Less than 5% of Saccharomyces cerevisiae genes have introns and most yeast intron-containing genes have only one intron. This contrasts with many other species in which the majority of genes possess multiple introns. It is possible that yeast retained only introns with an important function throughout evolution. Interestingly, the yeast intron-containing genes fall into only a few classes such as ribosomal protein genes, genes involved in sporulation and ubiquitin-like conjugation enzymes (Grate and Ares, 2002), suggesting a possible function of splicing in these pathways. In support of this, ribosomal protein gene introns accumulate upon amino acid starvation, conditions which lead translational stress (Pleiss et al., 2007a). This observation is the foundation for future experiments aiming to understand the starvation splicing regulatory mechanism as well as additional environmental stresses. All cells must respond to multiple environmental stress conditions and an improper response can lead to cellular death or disease.
The aim of this proposal is to determine if cells employ splicing regulation as an additional mechanism to deal with stress. ) Preliminary results show both cis- and trans-acting factors are involved in the starvation splicing regulatory pathway. The objective of Aim 1 is to follow up preliminary results showing ribosomal protein gene promoters and not the introns are essential for the starvation splicing response and to determine the sequences specifically regulating this response. There is also evidence that a protein kinase, casein kinase 2, is necessary for the splicing response.
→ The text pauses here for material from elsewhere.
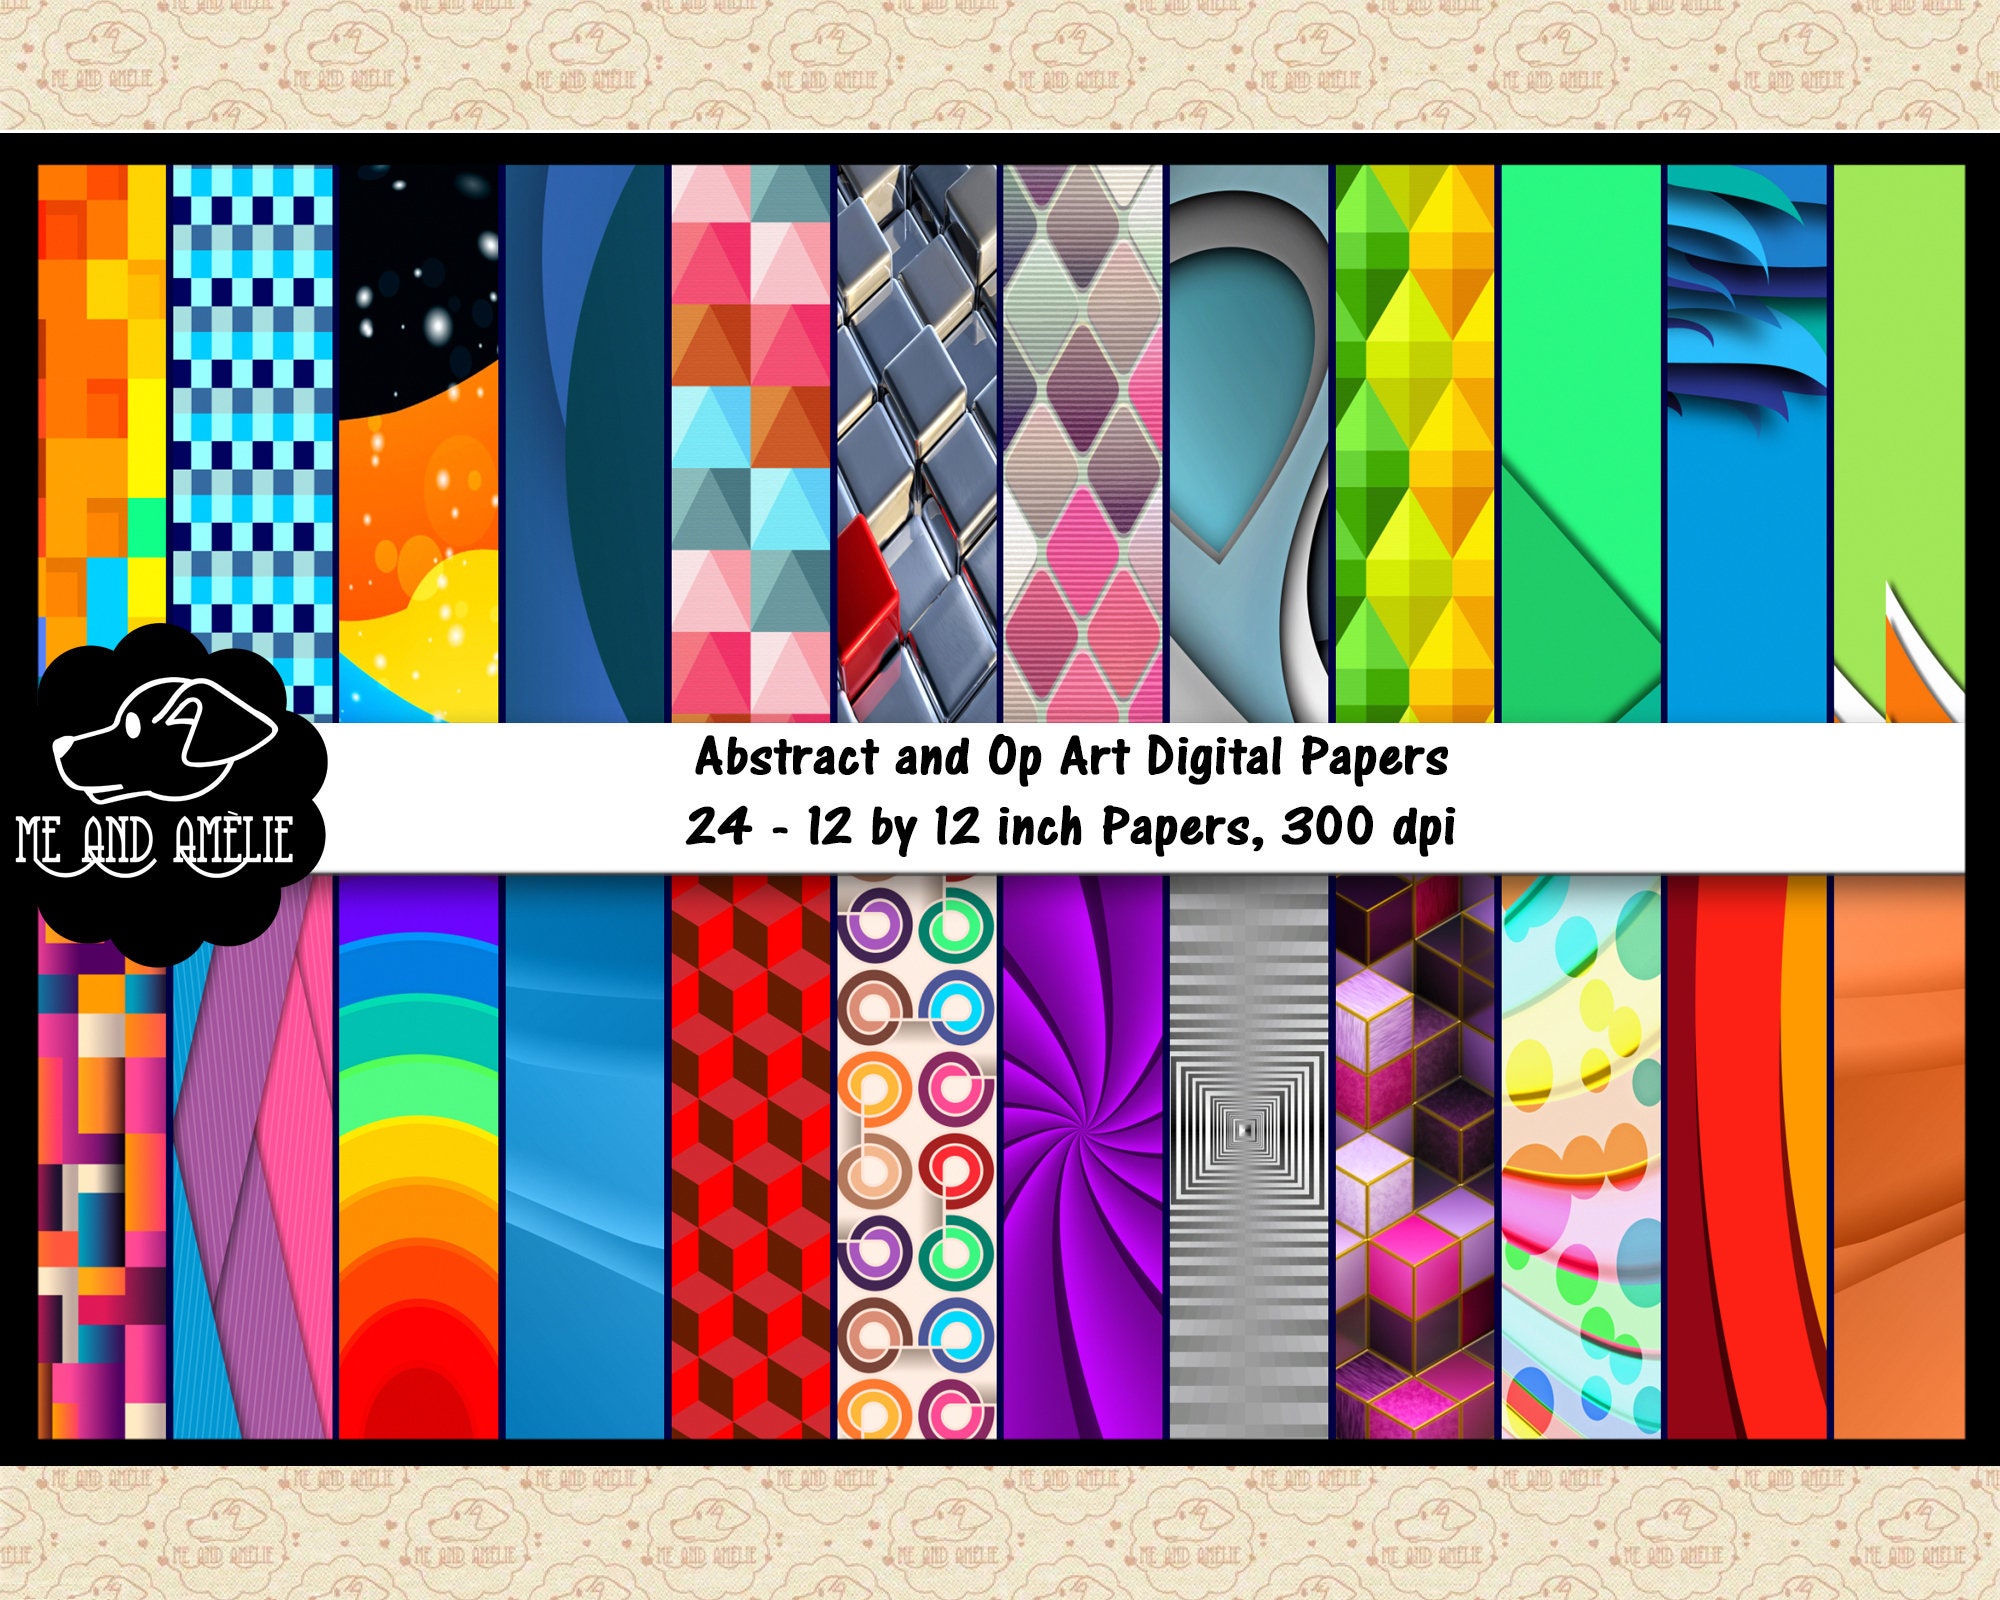 Retro Digital Paper, Op Art Patterns, Geometric Patterns, Black and White  Digital Papers, Retro Scrapbook Paper for Commercial Use

Aim 2 focuses on determining additional factors involved in the regulatory pathway and will employ a genome-wide screen. And finally, the goal of Aim 3 is to assess whether other intron-rich gene classes are regulated at the level of splicing in response to environmental stress by examining additional cellular stress conditions, such as DNA damage. RNA undergoes many different processing steps, in addition to splicing, throughout gene expression. When any of these processing pathways is incorrectly regulated in mammals, diseases arise such as Retinitis pigmentosa caused by mutation of proteins involved in splicing (Cooper et al., 2009). A greater understanding of splicing regulatory pathways will not only allow for a more detailed view of splicing regulation in yeast, but also the many mechanisms altering gene expression during environmental stress.
During gene expression, RNA serves as a transient message which undergoes many molecular changes, or processing reactions, which alter its stability including 5'cap formation, RNA splicing and addition of a polyadenine tail. Cells regulate each of these reactions in response to extracellular stimuli or environmental stress and disruption of many of these processing mechanisms leads to disease. The goal of this research proposal is to understand the mechanisms regulating RNA splicing in response to environmental stress.